Une pluie noire et toxique s039abat sur la Russie apres

L’Ukraine vise depuis plusieurs mois maintenant les infrastructures pétrolières russes, souvent très éloignées de la ligne de front. Depuis mi-avril, une raffinerie clé de la mer Noire, à Touapsé, a été frappée à quatre reprises par des drones, provoquant un incendie géant qui dure depuis des jours. Pour certains écologistes, il s’agit déjà de l’une des pires catastrophes environnementales qu’ait connues la Russie depuis la chute de l’URSS.
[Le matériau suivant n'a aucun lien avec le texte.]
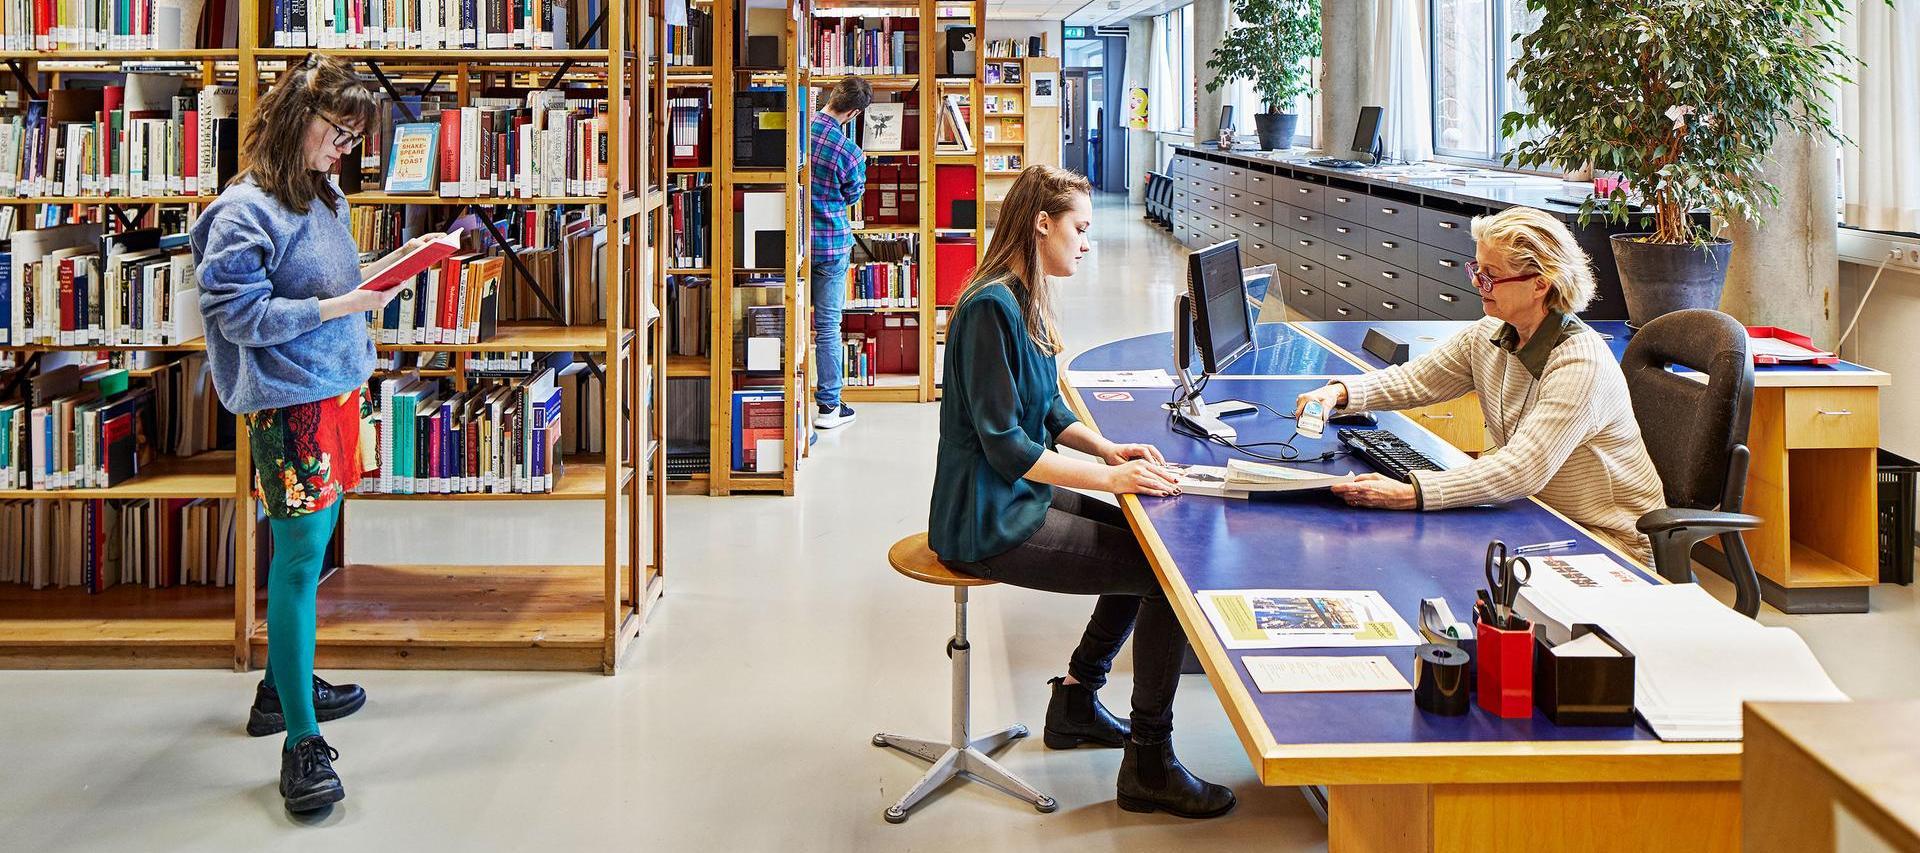 Library - Amsterdam University of the Arts - AHK

À chaque nouvelle frappe, la scène se répète: un épais nuage noir, âcre, s’élève au-dessus de la ville et ce que les habitants décrivent comme une pluie noire huileuse et toxique tombe du ciel; tandis qu’une nappe de pétrole s’étend sur des dizaines de kilomètres le long du littoral, rappelle le Washington Post. Les pompiers, eux, peinent à maîtriser les incendies, régulièrement relancés par de nouvelles attaques.

Si ce type de frappe n’est pas nouveau dans la tactique ukrainienne, celles de ces dernières semaines témoignent surtout d’un changement d’échelle. Kiev est désormais capable de toucher des cibles situées à des milliers de kilomètres, en contournant les défenses aériennes russes. La semaine dernière, des installations pétrolières près de Perm, dans l’Oural, ont elles aussi été endommagées. Moscou n’est plus totalement hors de portée: un drone a récemment frappé un immeuble résidentiel à quelques kilomètres du Kremlin.

Sur le plan politique, ces attaques fragilisent un peu plus Vladimir Poutine. Le président russe fait déjà face à une lassitude croissante de la population, entre guerre interminable, économie sous tension et restrictions accrues sur internet. Les images de villes russes enveloppées de fumée toxique n’arrangent rien.

«Pas de menace», assure le Kremlin

À Touapsé, la colère monte. Les habitants dénoncent le silence des médias fédéraux et l’inaction des autorités locales. Beaucoup disent se sentir abandonnés, contraints de vivre dans un air irrespirable, avec la crainte d’effets sanitaires durables. Sur les réseaux sociaux, certains accusent même le pouvoir de minimiser délibérément l’ampleur de la catastrophe.

Vladimir Poutine, lui, a reconnu les frappes du bout des lèvres, assurant qu’il n’y avait «pas de menace sérieuse». Une ligne reprise par les autorités sanitaires, qui affirment que la situation ne présente «aucun risque pour la santé». Des déclarations en total décalage avec les témoignages locaux et les analyses d’experts.

Les risques sont en effet bien réels: les incendies libèrent des substances toxiques, dont du benzène, un composé cancérigène associé notamment à des leucémies. Les écologistes estiment que les autorités auraient dû évacuer l’ensemble de la ville, plutôt que quelques rues seulement. En attendant, écoles fermées, événements annulés et consignes de confinement rythment le quotidien des habitants.

Au-delà de l’impact humain et environnemental, ces frappes s’inscrivent dans une stratégie économique assumée par Kiev. Depuis le début de l’année, plus de vingt installations pétrolières russes ont été visées afin de réduire les revenus énergétiques de Moscou, essentiels au financement de la guerre.

Les effets commencent à se faire sentir. Certaines estimations évoquent plusieurs milliards d’euros de pertes, des exportations temporairement ralenties et une baisse de production. Si la hausse des prix du pétrole liée aux tensions internationales compense en partie ces pertes, la pression monte pour le Kremlin. Dans ce contexte, certains analystes parlent désormais de «sanctions cinétiques» imposées par l’Ukraine.